You should close the timer event by calling the client's method `CloseTimerEvent` to reset the timer's state to `IDLE`, or the timer will not be able to schedule new events. By default, closing a timer will also reset the `Watermark` field to the value of `EventStart`, but you can specify the next watermark manually. For example:

```go
func (h *MyTimerHook) OnSchedEvent(ctx context.Context, event api.TimerShedEvent) error {
    // do some things ...

	// close the timer event so that the next event can be scheduled
    return h.cli.CloseTimerEvent(
        ctx,
        event.Timer().ID,
        event.EventID(),
        api.WithSetWatermark(time.Now()), // use the current time as the next watermark instead of the event start time
    )
}
```

## FAQs

- Q: What is the difference between the attributes `ID` and `Key` of the timer, they are all unique.
  A: The key difference is that the `Key` is specified by the user but the `ID` is generated by the framework. The `ID` is the real identifier of a timer because it is "absolutely" unique because any two timers cannot have the same `ID` even if one timer is deleted. But it is allowed to create a timer with a `Key` that is the same as another timer which deleted before, and it is also allowed to create timers with the same `Key` in different namespaces. So it is better to use `ID` to log events from a certain timer. But `Key` is also useful because it can be meaningful. `Key` can be used to do some semantic works like querying or ensuring the idempotent creation of timers for certain uses.

- Q: What is the behavior of the timer framework if the TiDB restarts, especially if it shuts down for a long time?
  A: When the TiDB restarts (which means the timer runtime restarts), the runtime will reload all timers from the store and check their state. If a timer's `EventStatus` is `TRIGGER`, the runtime will try to trigger the event again by calling the hook's method `OnSchedEvent` (`OnPreSchedEvent` will not be called). If the `EventStatus` is `IDLE`, the runtime will try to trigger the event if the timer is time to trigger. Notice that when a runtime shuts down for a long time, there may be many time points to trigger between `Watermark` and the current time, but the hook will still be triggered only once. For example, one timer has a cron expression `0 * * * * *` indicating that it should trigger every one hour. If the TiDB shuts down, leave this timer with a watermark `2022-01-01 09:58:00` and then restart at `2022-01-01 12:01:00`, and it tries to trigger the timer. However, there are 3 time points which are not triggered. The hook will still be invoked once with the `EventStart` value `2022-01-01 12:01:00` and `Watmerkark` value `2022-01-01 09:58:00`. It is up to the hook class to determine how to handle this case. For example, it can do the trigger action 3 times in one `OnSchedEvent` call or just do it once and then close the timer with the new watermark `2022-01-01 10:00:00`. For the second case, the timer will be triggered again after a very short time because the next expected trigger time `2022-01-01 11:00:00` is still before the current time.
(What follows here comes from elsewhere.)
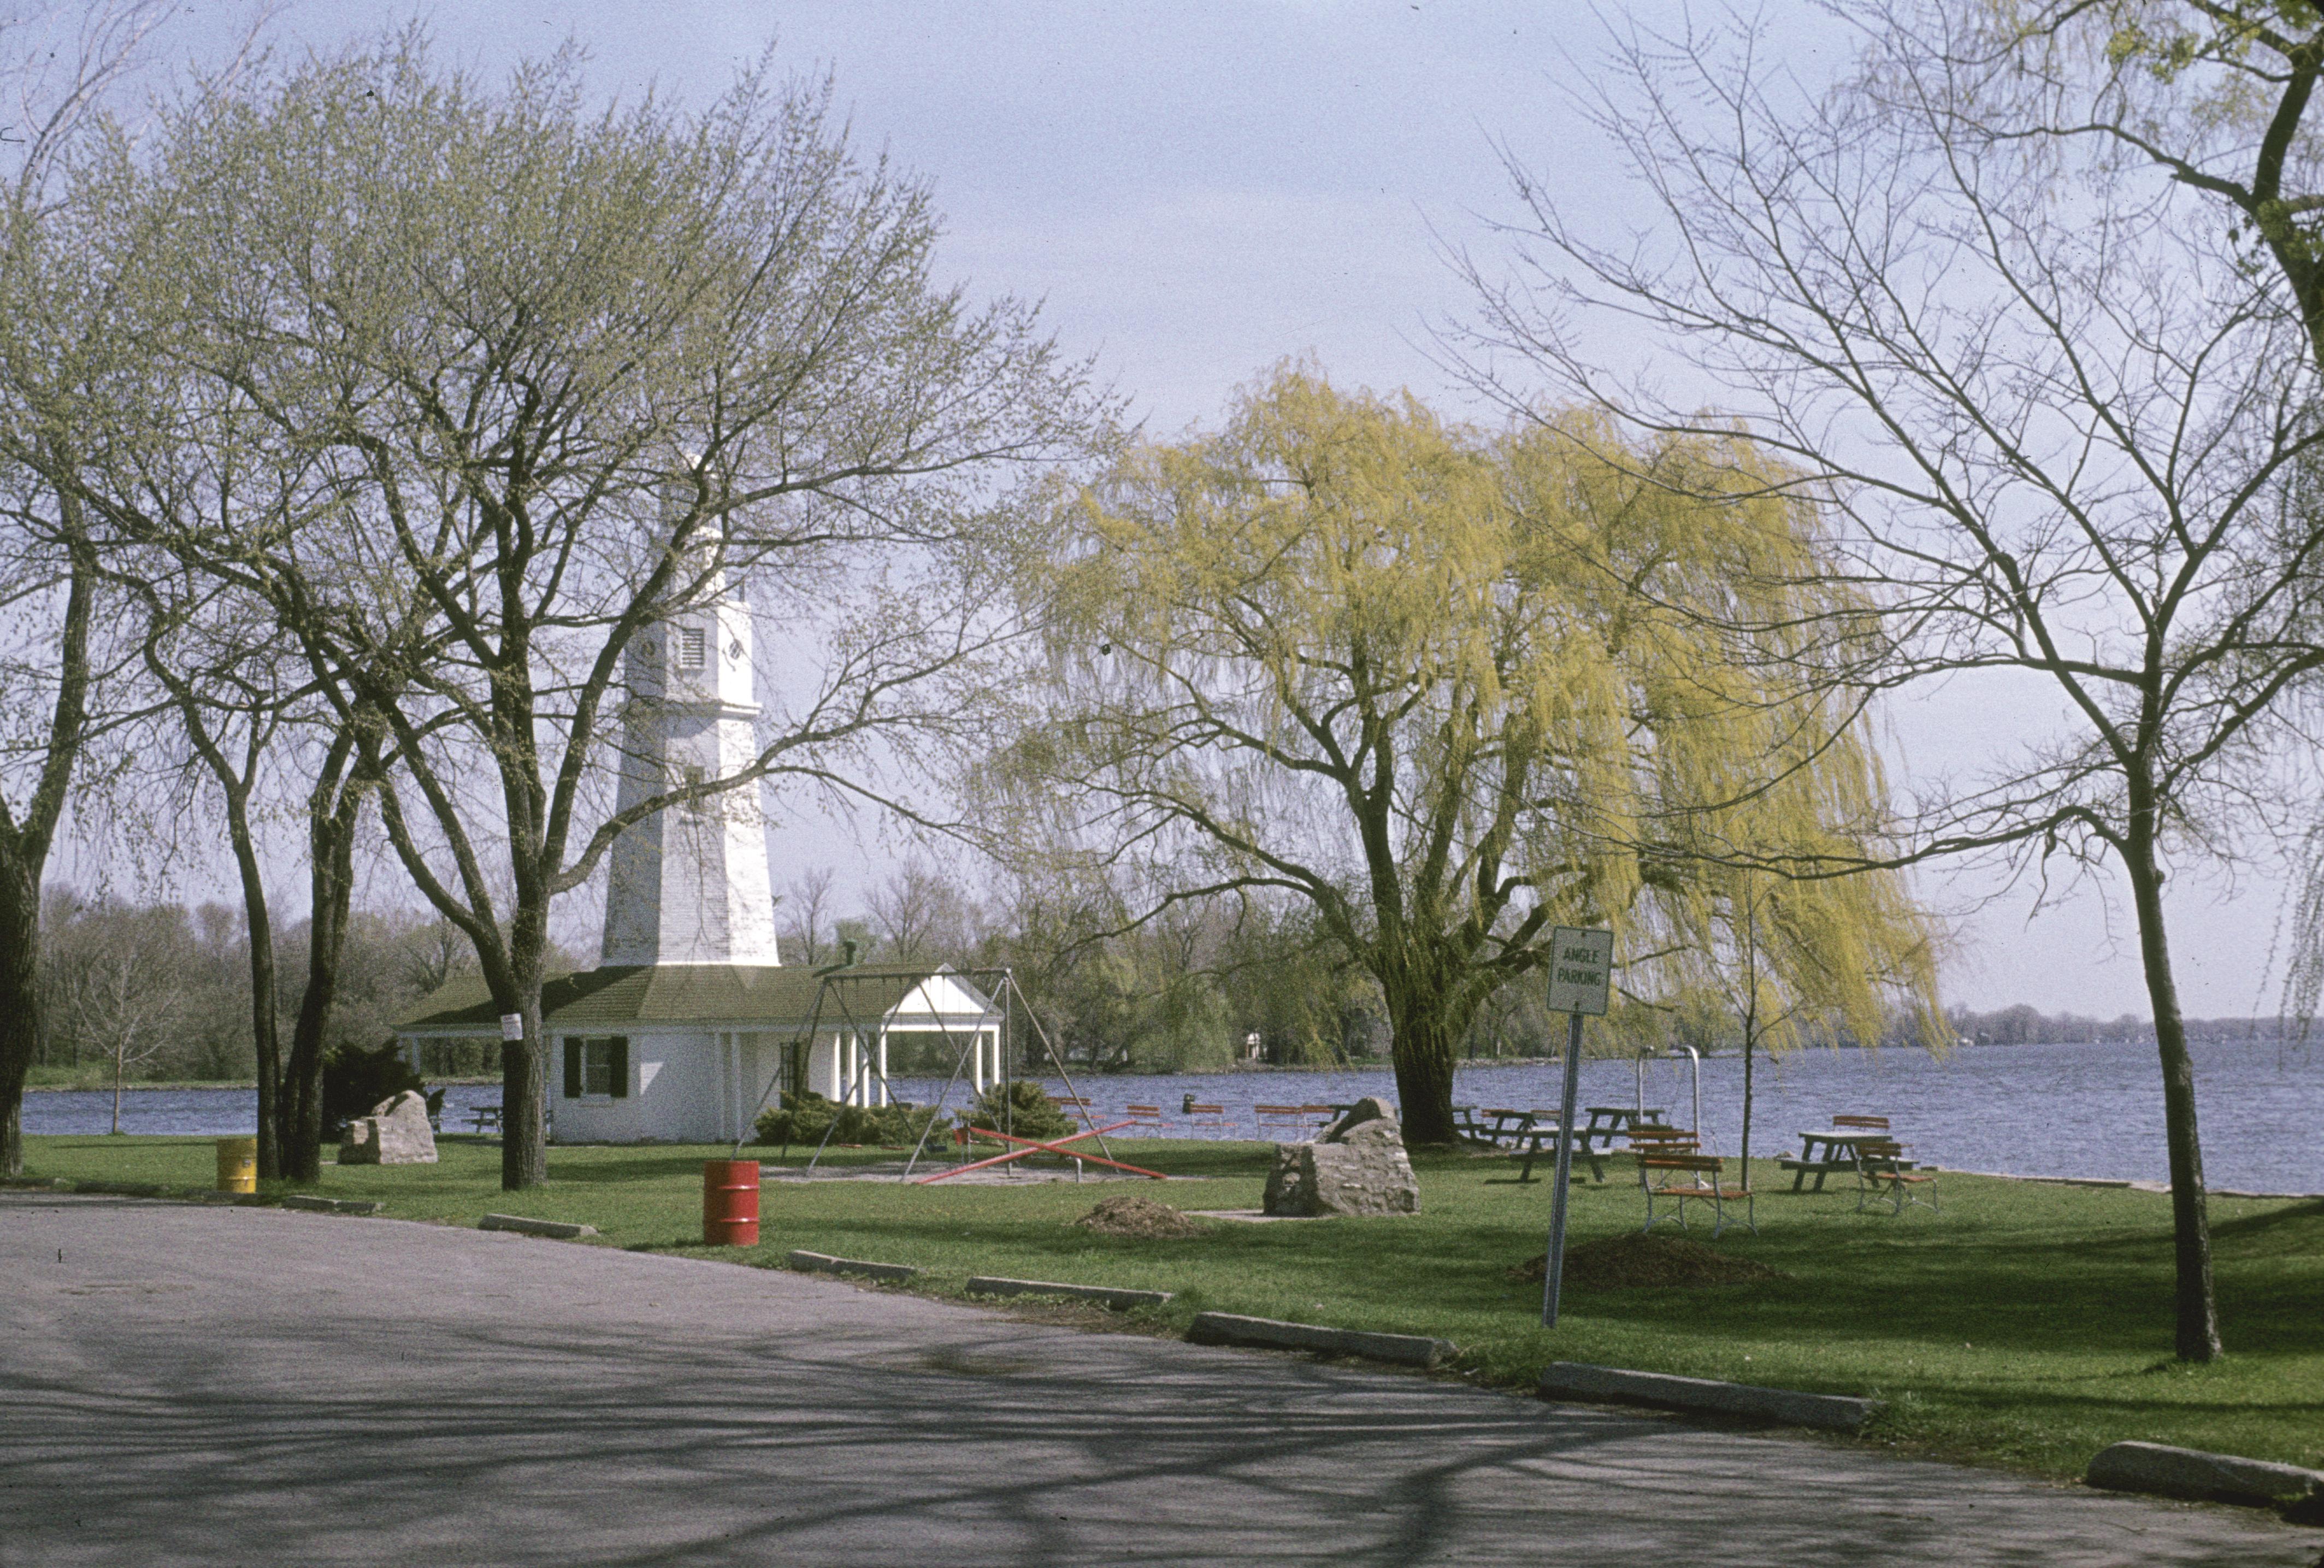 Two Rivers lighthouse - UWDC - UW-Madison Libraries

- Q: Is it thread-safe for the hook call such as `Start`, `Stop`, `OnPreSchedEvent`, `OnSchedEvent`?
  A: Yes, it is thread-safe. They are called in one goroutine now, there is no data race without a lock for variables that are only read or written in these methods. But if you create a goroutine manually and access these variables in the background, you should also use a lock to protect them. In the future, the trigger method such as `OnPreSchedEvent` and `OnSchedEvent` may be called in concurrency of different timers, but it will also be guaranteed that these methods for the same timer will be called in sequence and guarantees the happens-before semantics.

- Q: Will the hook calls from different timers be blocked by each other if some hook calls take a long time?
  A: Yes, it may happen if two timers share the same hook and one timer's call is slow. The reason is timers that share one hook will be triggered in one goroutine (or maybe a pool with some fixed goroutines in the future). To resolve this issue, you can just do the trigger action background and return a non-error value immediately in the foreground call. Notice that if you do this, you should retry yourself when the trigger action fails.